The tank obviously can support life, and I would like to get a new fish that is very hardy, compatable with the other fish, and not too expensive. Any suggestions would be helpful .


----------



## kitten_penang (Mar 26, 2008)

if your fish are wild caught they might have been captured by the use of cyanide.they will look healthy and active at first but after that they'll just die for no apparent reason.


----------



## GNR1985 (Jul 20, 2010)

Come to think of it maybe they are wild caught. However the store I buy from has fish that have been alive for years that just havent been sold.

Im not a quitter. Id rather solve problems than give them up.


----------



## kitten_penang (Mar 26, 2008)

check online at wwf for a list of fish species that do well in aquaria, are on the endangered list, are wild caught using destructive methods or are bred in farms then keep from buying the ones that are red listed


----------



## bearwithfish (Sep 29, 2009)

first off WELCOME to TFK!!!!!!!!!! nice to have a new salt lover here!!

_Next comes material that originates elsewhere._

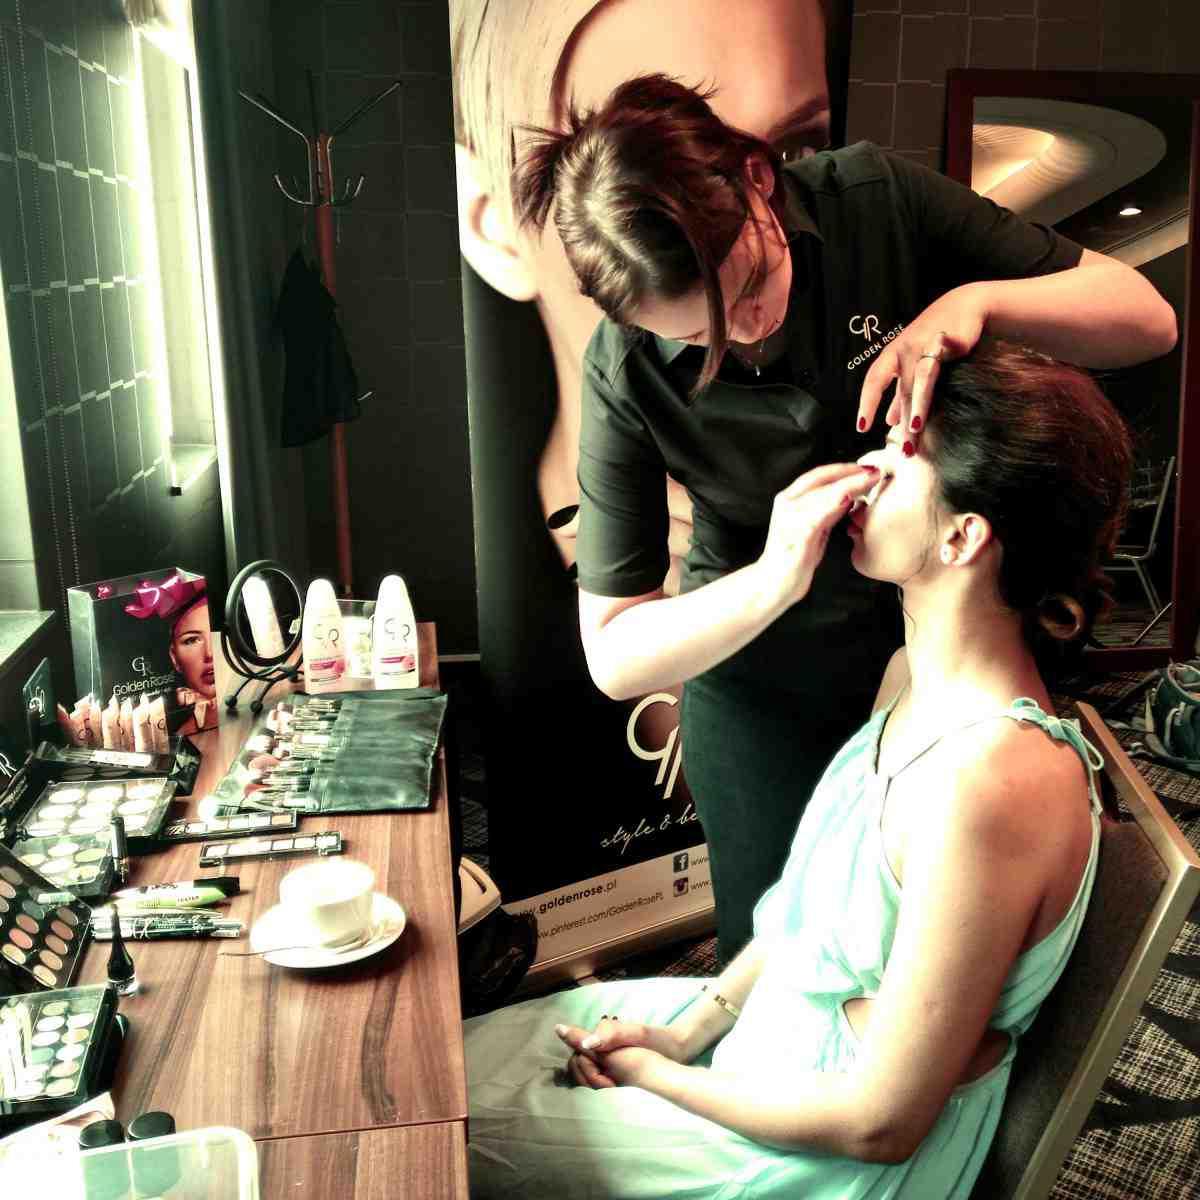 Backstage najnowszej sesji do magazynu Moda-Ślub z udziałem GR! Piękna modelka w makijażu Golden Rose.

it may be the stock. did you QT? how long did the LFS have them before you ?
and since have you checked all your water parameters? the stock you have had may be used to the conditions but they could be off a little and a new addition may not be able to adapt dependent on your acclimation process...


----------



## GNR1985 (Jul 20, 2010)

Um could you spell out those abbreviations? I dont understand hahaha. I know the store had the stock for quite a while before I bought them. It's a really nice store and the staff really does know a lot more than other stores ive checked out. lets just say they wouldnt sell a bad fish if they knew it was unhealthy.
I aclimate them by opening the bag and letting it float in the water, adding a cup of tank water every 10 minutes for an hour. Then I put them in the tank with a net and dispose of the water because its full of pee and stuff.
I don't test the water myself... the equipment is a little too expensive... but I get it tested at the store every 2 weeks and the only problems they find are nitrates which I fix with a water change.


----------



## kitten_penang (Mar 26, 2008)

TFK tropical fish forum, QT quality test, LFS local fish store


----------



## bearwithfish (Sep 29, 2009)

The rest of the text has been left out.